The post refers to the 555 oscillator IC. I needed
that because the CW requires AC while the lithium
batteries put out DC. The 555 provides a simple
lightweight method for converting DC to AC:
DC to AC Inverter with the 555.
http://www.uoguelph.ca/~antoon/circ/555dcac.html
Bob Clark
Post to www.powerlabs.org:
*************************************************
RGClark
Joined: 11 May 2005
Posts: 20
Posted: Fri Jul 01, 2005 9:48 pm
...
You're right about the problem of getting up to
kilovolt ranges. I wasn't taking into account the size
increase of the CW circuit in relation to the voltage
multiplication. For instance this page shows you need
to increase the number of stages to increase the
voltage multiplication:
Cockroft Walton Voltage Multipliers.
http://home.earthlink.net/~jimlux/hv/cw1.htm
This also shows a transformer attached at the
beginning. I wanted to eliminate the transformer to
save weight. But this might result in an impractical
number of stages.
For instance, this lithium battery puts out about 30
V:
TP4000-8S2P
Amp Hours: 4000 mAh
Voltage: 29.6V
Balancer connectors
Rating: 10-12C continuous, 20C (80A) burst
Output: 29.6V Nominal, 4000mAh
Dimension: 50mm x 245mm x 28mm
Weight: 656 grams
Retail: $349.95
http://www.thunderpower-batteries.com/html/batteries.html
Let's say we use 100 CW stages to multiply this to
about 3,000V. How much would 100 diodes and capacitors
add to the weight? Would we be better off just using a
transformer?
Actually I'm not even sure 3000V would be enough
voltage to raise a lifter. You might actually need
1,000 stages(!) Also, the "Cockroft Walton Voltage
Multipliers" page mentions the voltage loss as the
number of stages increases.
However, the page also mentions you can reduce the
losses by using high frequency AC. So perhaps instead
of the standard 60 Hz AC, we could use an AC source in
the thousands of hertz range. This page shows the 555
IC can operate in the kilohertz range:
555 timer IC.
http://www.doctronics.co.uk/555.htm
And this page suggests the frequency for the 555 can
range into the megahertz:
555 Timer Tutorials.
http://www.williamson-labs.com/555-tmg-charts.htm
According to the diagrams on the first page, it's just
a matter of choosing the resistors and capacitors
attached to the timer to change the frequency.

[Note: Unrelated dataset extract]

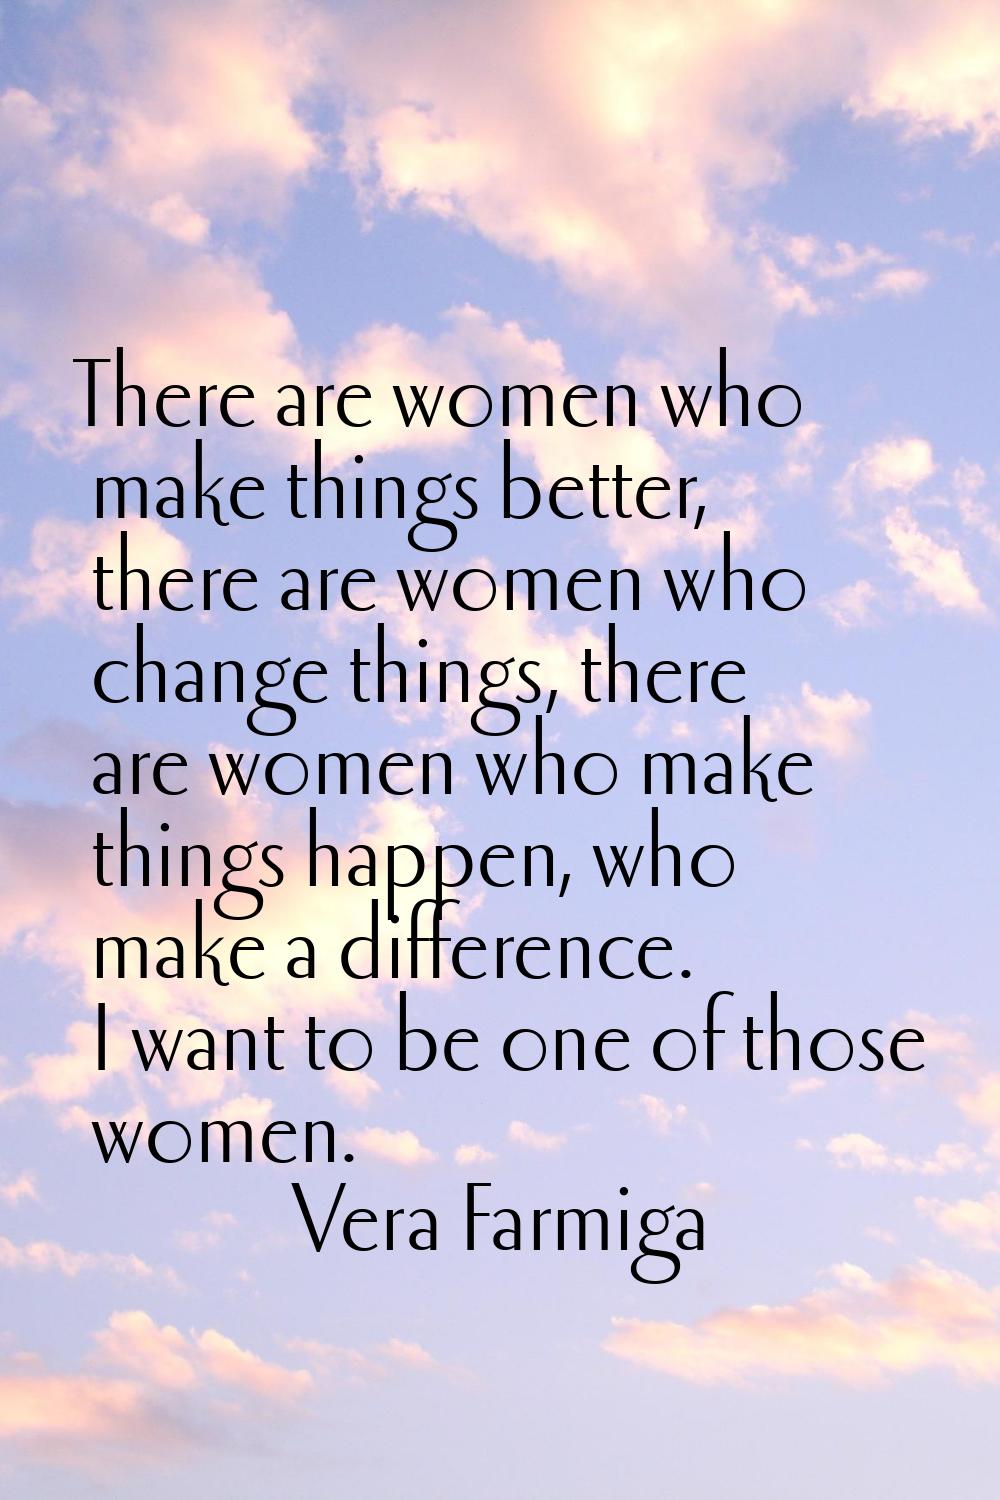 There are women who make things better, there are women who change things, there are women who make

This page by Blaze Labs discusses use of the CW
multiplier and calculates the voltage loss for an
example 3-stage CW multiplier:
Experiment 15 - Cockroft Walton Multiplier.

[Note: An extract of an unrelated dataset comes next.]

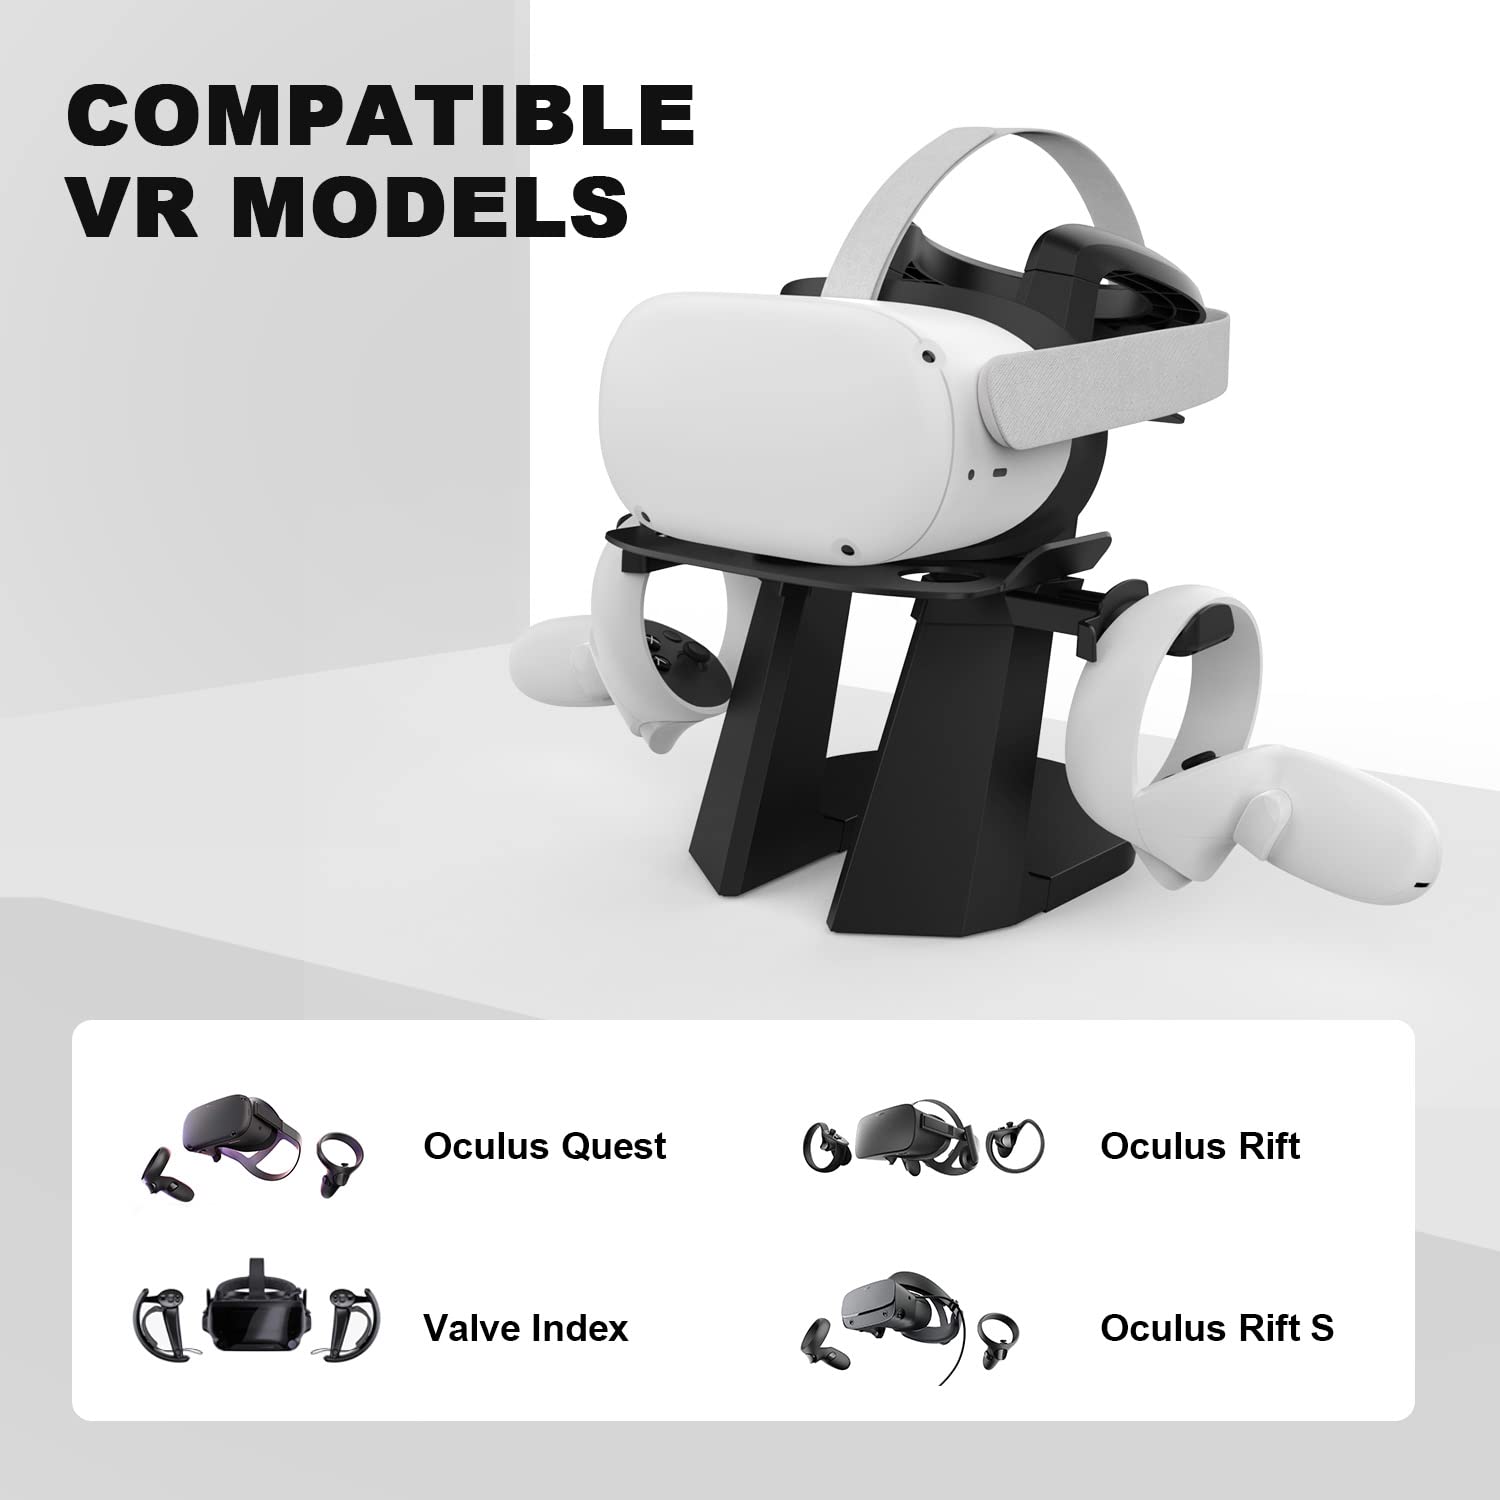 VR Stand Holder Storage Rack Set for Oculus quest, Quest 2, Rift, Rift S, Valve Index Headset and Touch Controllers

"The voltage drop under load can be calculated as:
VDROP = [Iload/(6fC)] * (4n^3 + 3n^2 - n)
where:
Iload is the load current (Amps)
C is the stage capacitance (Farads)
f is the AC frequency (Hz)
n is the number of stages.
Example: A 3 stage CW, driven by a 70kHz peak voltage
of 10kV, with capacitors value 390pF, and a load
current of 10mA:
VDROP = [Iload/(6fC)] * (4 n^3 + 3 n^2 - n)
VDROP = 8kV
Eout = 60kV - 8kV = 52kV"
http://www.blazelabs.com/e-exp15.asp
This loss of 8kV is only for 3-stages where I'm
envisioning hundreds of stages. For this to work, I
would need both much higher frequency and much higher
capacitance. Notice the capacitance in this example is
only 390 pF. But small capacitors exist at a million
times that, i.e., in the microfarad range. You could
also make the 555 run at say 1 megahertz instead of
the 70kHz in this example.
However, as shown on this page the larger microfarad
capacitors are the heavier tubular kind rather than
the lightweight flat kind:
Capacitors.
http://www.kpsec.freeuk.com/components/capac.htm
So you still have the question of the weight of the
hundreds of capacitors required.
In regards to the thrust to weight ratio, here are
some examples from Blaze Labs showing approximately 1
gm/1 watt thrust to power ratio:
Super V1.0 cell - 15/04/03
http://www.blazelabs.com/l-c-superv1.asp
Experiment 14 (21/03/03)- 100g payload lifter.
http://www.blazelabs.com/e-exp14.asp
*************************************************
http://www.power-labs.com/forum/viewtopic.php?p=3815
->Terry notes - If they are going to power their lifters with a Tesla coil,
it is probably on topic... <-